# Con-Cor Smooth Side Passenger car issue



## rrgrassi (May 3, 2012)

I came across two Con-Cor ATSF smooth side passenger cars. They do not have a coupler or coupler pocket at either end. 

What can I use for a body mount coupler? I can use either Rapido or knuckle type.

Thanks!


----------



## dablaze (Apr 17, 2012)

They probably had Talgo trucks originally (I think thats what mine have. 

Some of those cars don't take well to body mounting of couplers. I think the Concors can be a little finicky. Good news is you should be able to find complete cars at a train show cheap as with all the newer more fine scale stuff out, I have seen Concor stuff for as low as a couple of bucks a car. I still think its nice stuff.

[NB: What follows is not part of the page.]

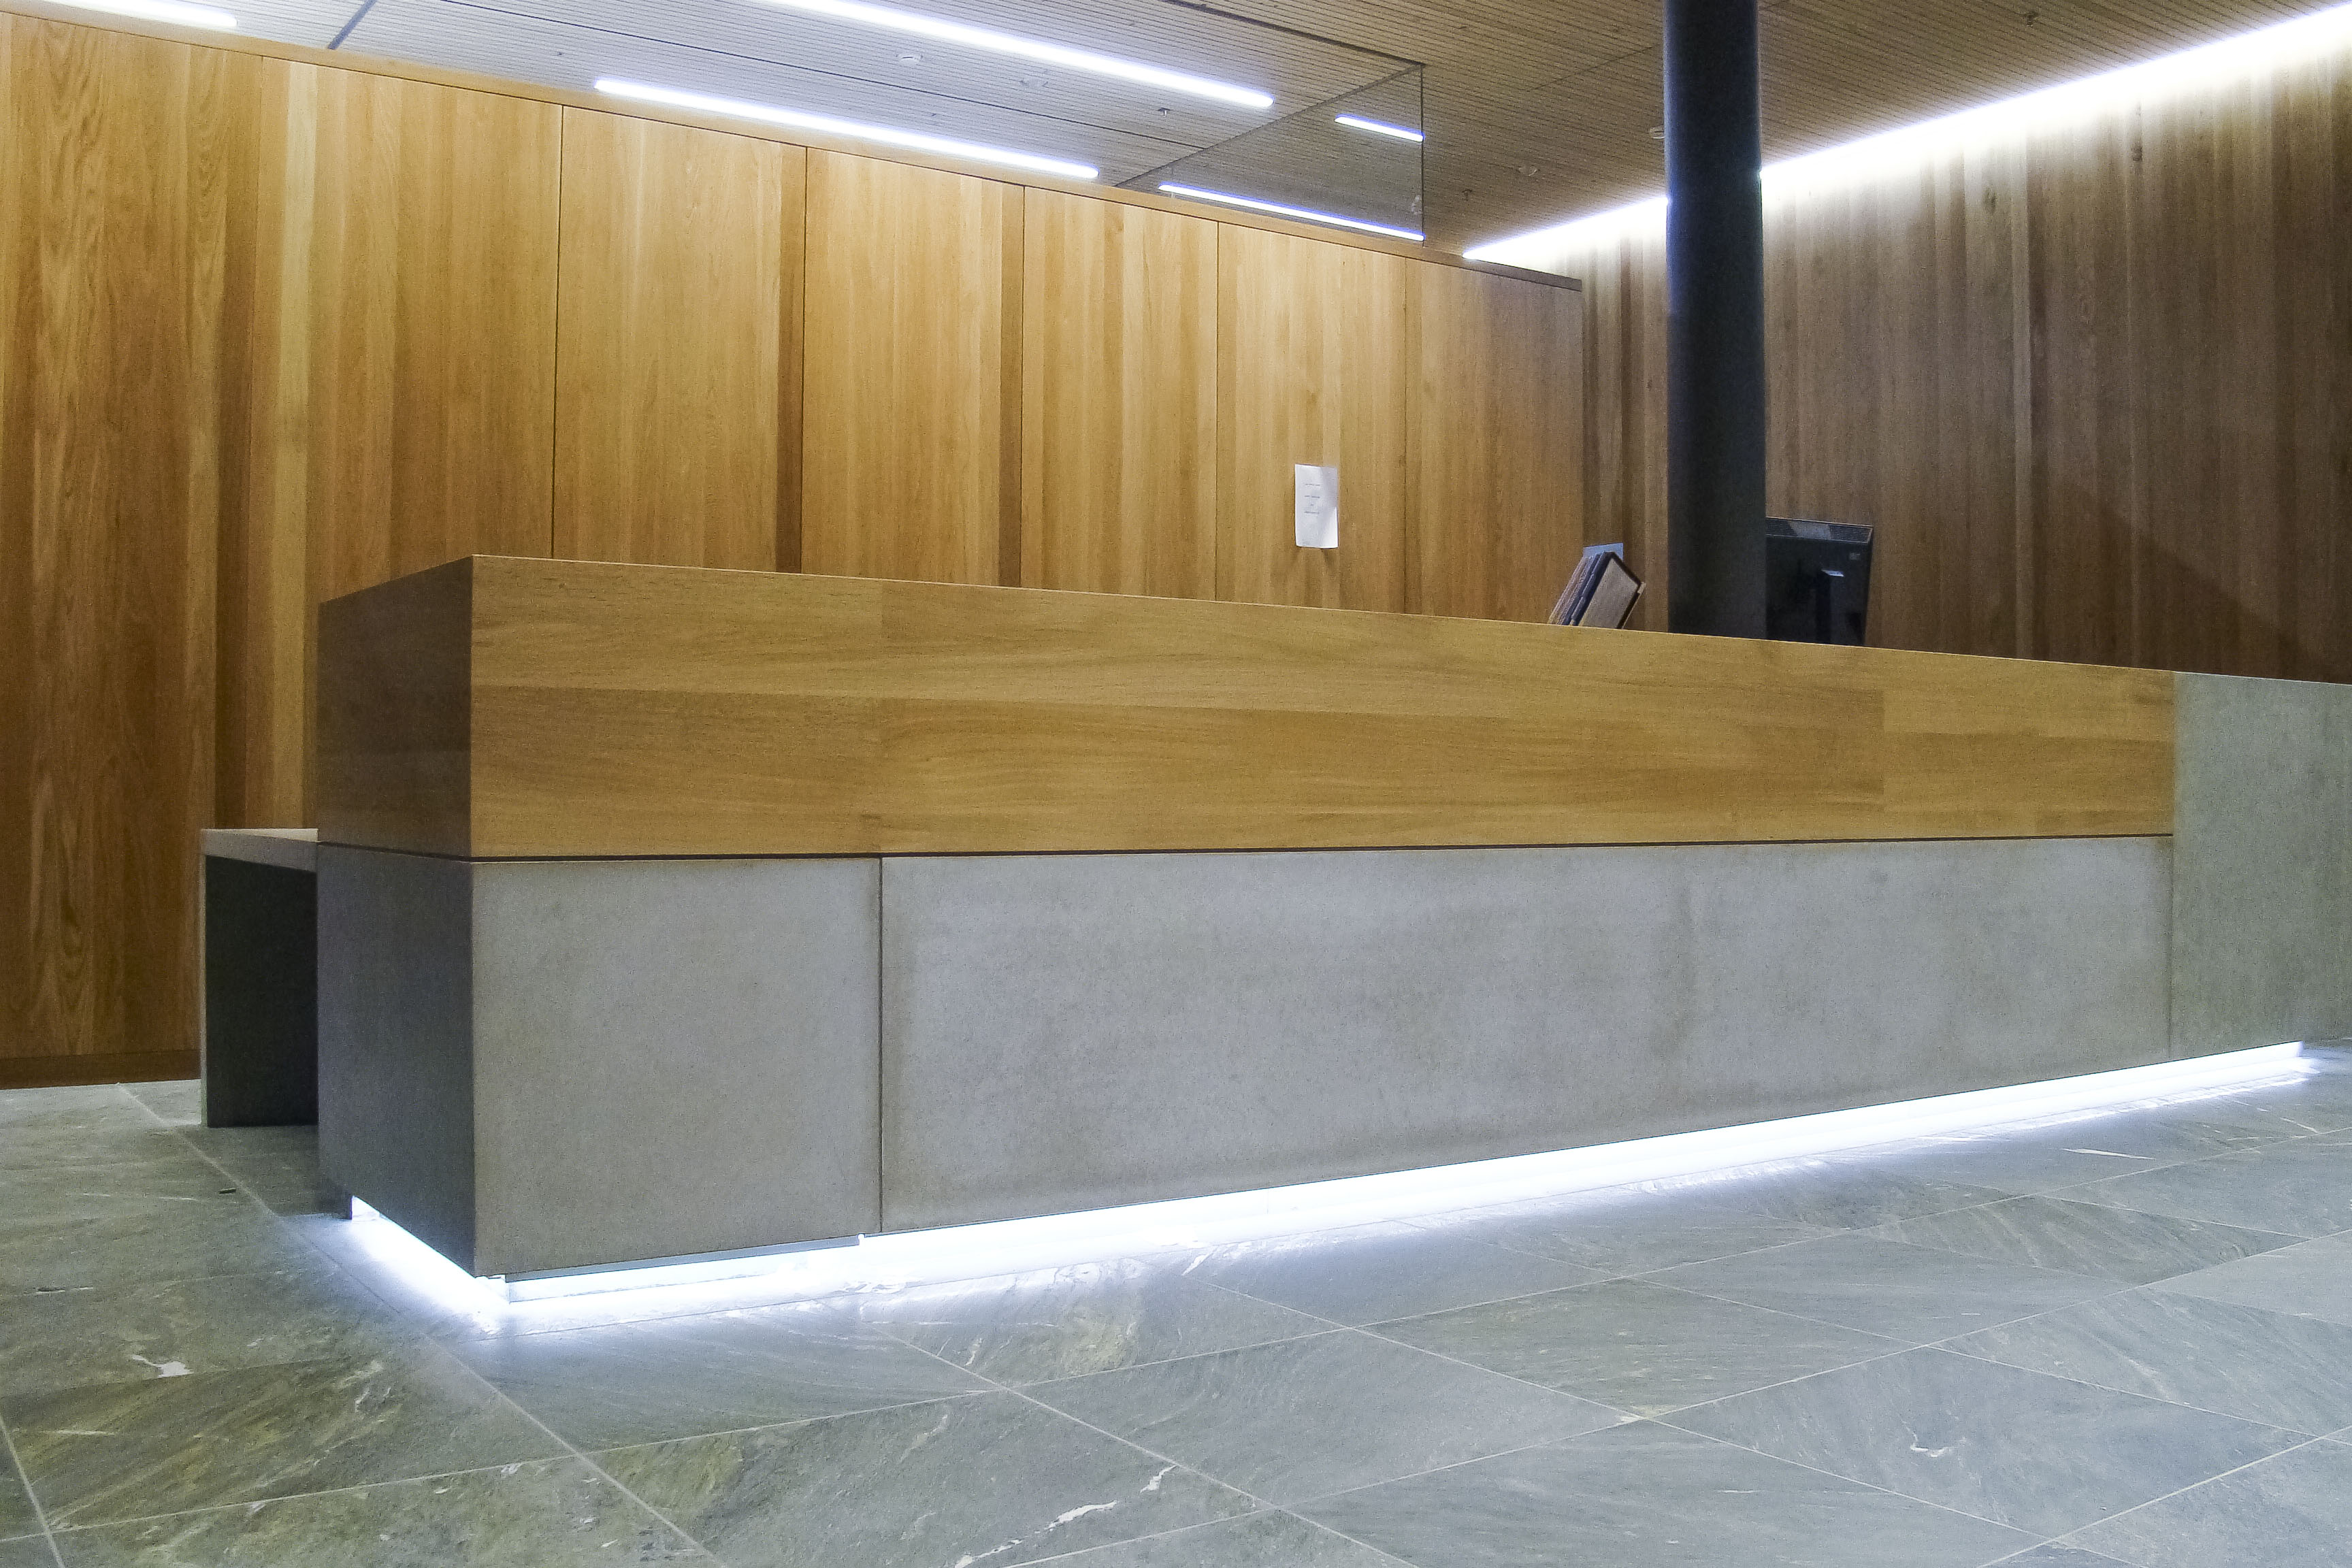 dade design concrete works betonk chen und. Black Bedroom Furniture Sets. Home Design Ideas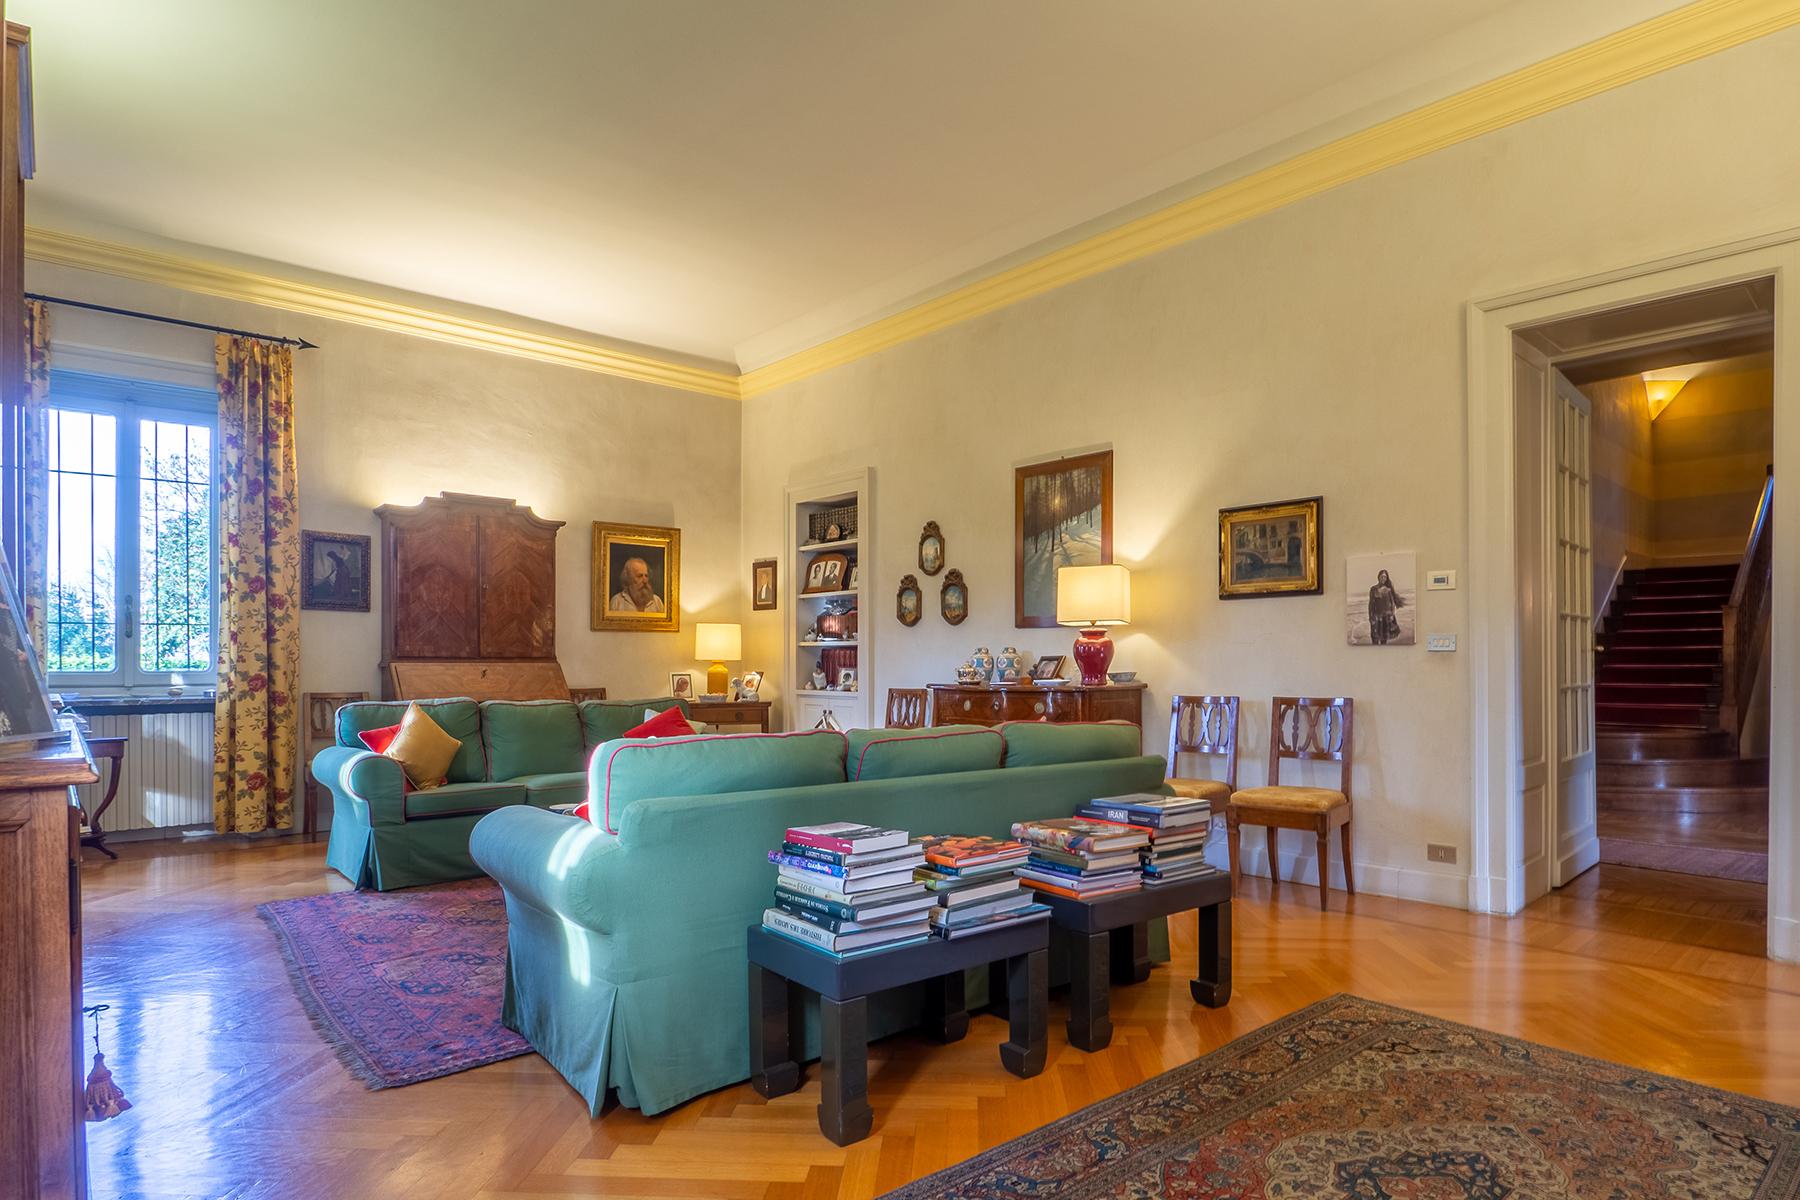 Casa indipendente in Vendita a Torino: 5 locali, 657 mq - Foto 8

Go with the Talgos (Couplers on the trucks) stick with ones from Concor and get the KD kit meant for Talgo trucks and you will have decent results with those.

Craig


----------



## dualgauge (Apr 4, 2009)

*Passenger car issue*

Micro-trains body mount couplers can be used. Might have to shim coupler to correct height I would try the 1016 for more swing. Would need large radius curves. Could use red caboose couplers in ConCor trucks if do not intend to do any switching, as have to pick one coupler over the top of the other. Good luck on getting couplers on cars.
Dan


----------



## rrgrassi (May 3, 2012)

Thanks for the info. It looks like the Talgo type trucks were swapped out and so I need to go body mounted.

Thanks for the info and coupler numbers. I wish they made N scale swing couplers like you can find for HO.


----------